Depuis que Donald Trump a annoncé la sortie de l’accord avec l’Iran sur le nucléaire et a renoué avec les sanctions économiques, la tension monte dans le Golfe. Le face à face entre l’Iran et l’Arabie Saoudite, déjà réel au Yémen, est rendu plus instable depuis la décision du Royaume d’accueillir un nouveau contingent de soldats américains sur son sol. Même si Américains et Iraniens ne souhaitent pas l’escalade, le risque d’une confrontation «par accident» croît. Dans le détroit de Taiwan, la situation est elle aussi très instable, les troubles sociaux à Hong Kong plaçant Pékin sur la défensive par rapport à une opinion publique chinoise très sensible sur les questions de fierté nationale alors que les négociations avec les Etats-Unis ravivent de douloureux souvenirs coloniaux.

Indice 8-10 (probabilité très élevée) : Retour de flamme de la guerre commerciale

Le G20 d’Osaka fin juin a permis de relancer les négociations commerciales entre la Chine et les Etats-Unis, à l’arrêt depuis l’annonce de nouvelles sanctions américaines contre le géant technologique Huawei. La route semble néanmoins semée d’embûches avant un accord, même partiel entre les deux géants qui se disputent le leadership mondial. En parallèle, l’attention de Trump pourrait rapidement se tourner vers l’Europe, et tout spécialement l’Allemagne, dont l’excédent commercial est ressenti comme une insupportable faiblesse, donc une injustice à corriger, par le locataire de la Maison Blanche. Sans parler de la France, qui l’irrite avec la taxe Gafa, même si une enquête à leur sujet a été lancée par le DoJ américain. Le sujet est inflammable et ne demande qu’une étincelle pour devenir le feuilleton de ce mois d’août.

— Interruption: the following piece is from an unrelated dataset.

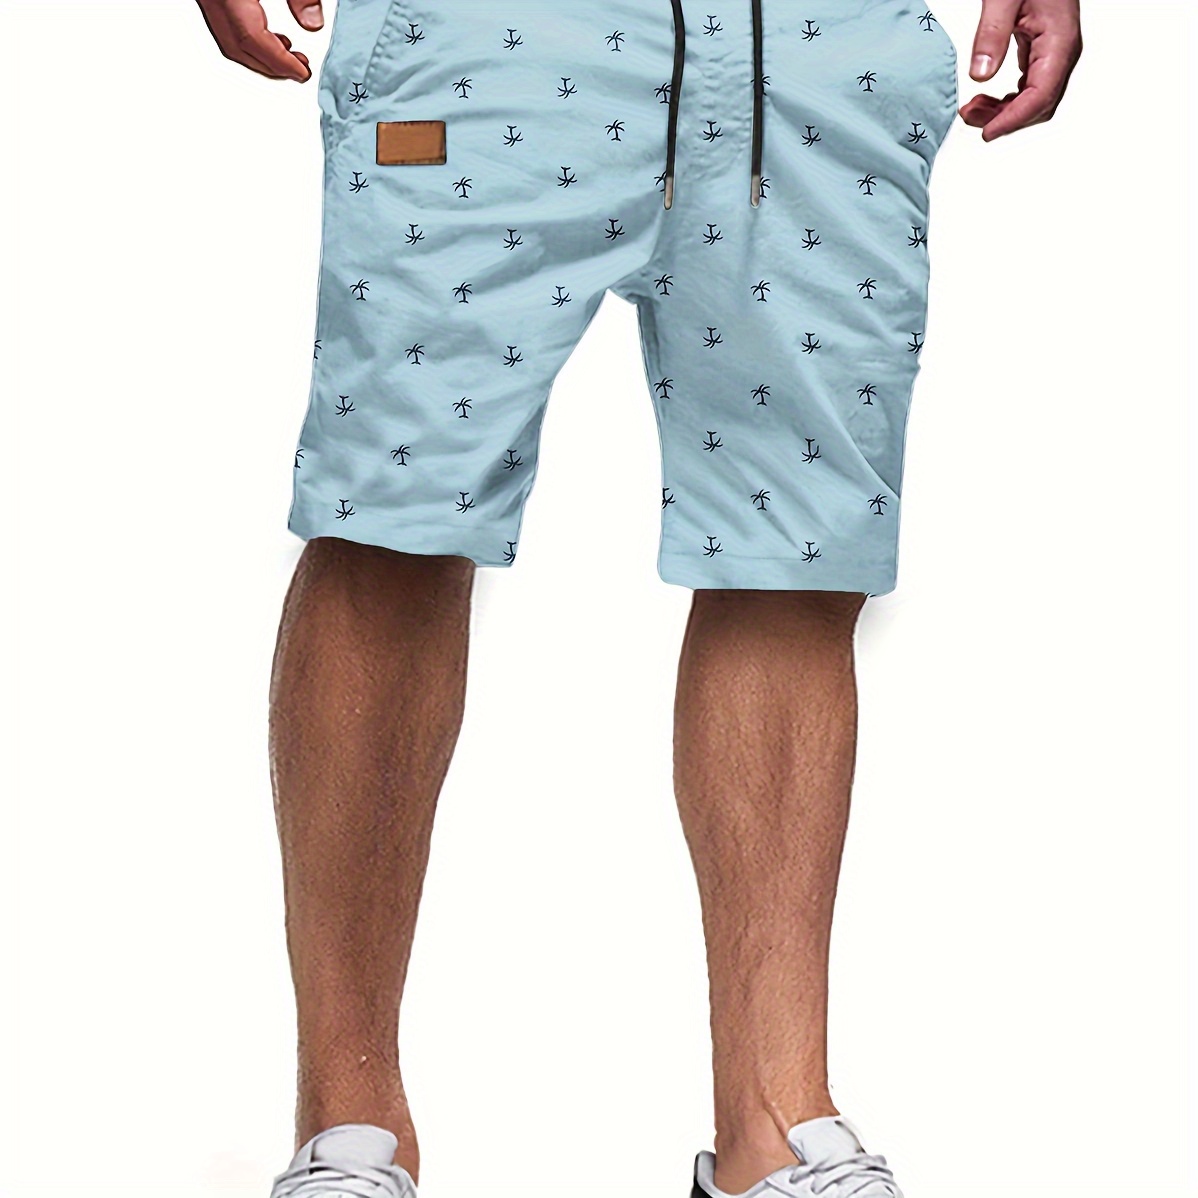 

Men's Casual Printed Cargo Shorts With Pockets For Summer, Bermuda Shorts

Indice 11 (probabilité extrême) : Rafales incontrôlées de tweets de Trump en campagne électorale permanente

Donald Trump n’a jamais cessé d’être en campagne mais les lumières projetées sur la primaire démocrate sont comme un chiffon rouge agité devant un taureau. Les tweets sont l’arme favorite du président-communicant. Ils peuvent être utilisés pour déstabiliser ses potentiels adversaires démocrates en les accusant de faiblesse face aux chinois; ils peuvent créer de nouveaux fronts dans la guerre commerciale en attaquant l’Europe ou l’Inde; ils sont également des flèches acérées envers le bouc-émissaire économique préféré de Trump, le président de la Fed Jerome Powell, accusé de ne jamais en faire assez sur les taux. Au pays du «droit à la déconnexion» comme ailleurs dans le monde, pour les investisseurs, déconnexion de Twitter interdite au mois d’août !

Suivant l’intensité de chaleur, ces points d’attention pourraient être autant d’occasions d’achats dans un marché qui demeure soutenu par les taux bas et où les faibles flux acheteurs montrent que beaucoup n’ont pas profité de la hausse du premier semestre.